Re: RISC again
On Mon, 25 Mar 1996, Andrew Haley wrote:
> RISC instructions are often a bit less dense than CISC. RISC
> processors handle procedures with a variable number of arguments
> perfectly correctly.
I tried to elaborate on this :-)
> That is: the code does the right thing, and it
> does it quickly.
> Compiler writing for RISC architectures is to a large extent a problem
> which has already been solved. I use such a compiler every day: the
> code it generates isn't perfectly optimum, but it is correct. (In
> fact that's not quite true; I have experienced one optimizer bug which
> generated incorrect code in the course of three years' programming.)

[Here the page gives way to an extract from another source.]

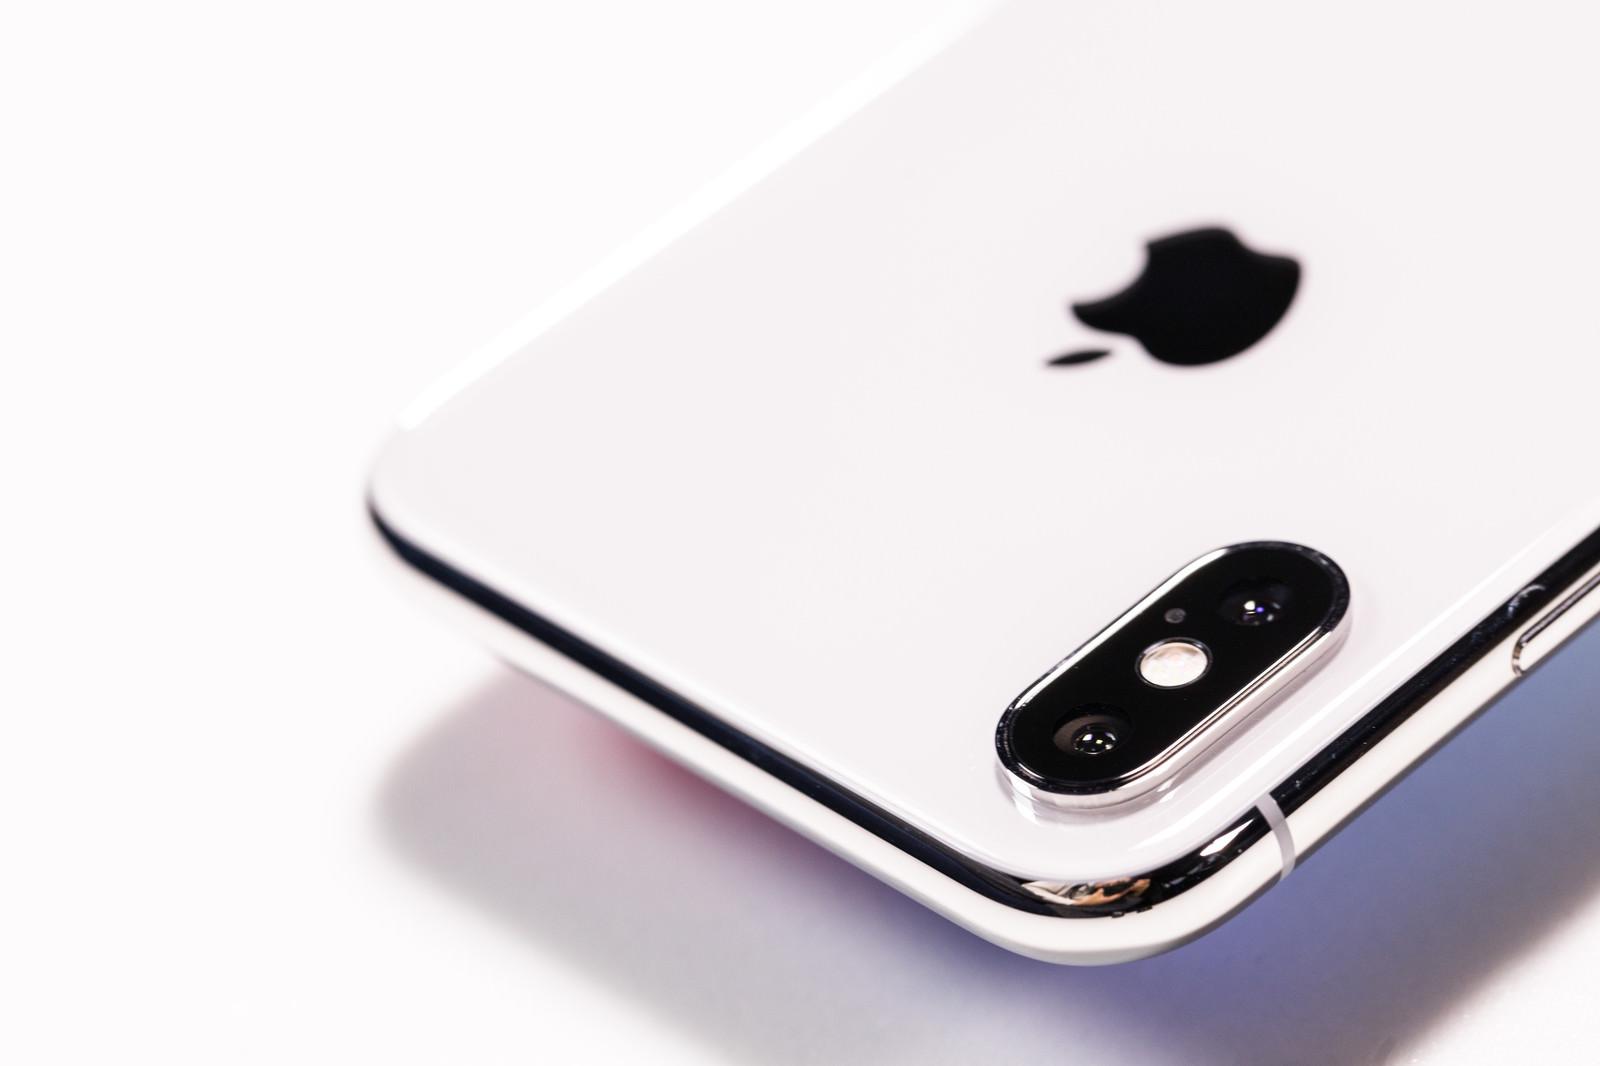 「iPhone X のデュアルレンズカメラ(外カメラ)」の写真

Actually, to the things that matter most -- loop unrolling for floating
point routines -- they are very bad (well, the SGI MIPS compiler for IRIX
5.3) The compiler, given the following C code, produces either far from
optimal machine code, or _incorrect_ code, depending on the switches you
feed it:
/*
* Calculate the dot product of two samples
*/
double ddot(double *v1, double *v2, int n){
int i;
double acc;
for(acc=0,i=0; i<n; i++) acc+=v1[i]*v2[i];
return(acc);
}
This is not a staement about RISC per se, it only says, that the problem
of RISC C compiler writing is far from being solved.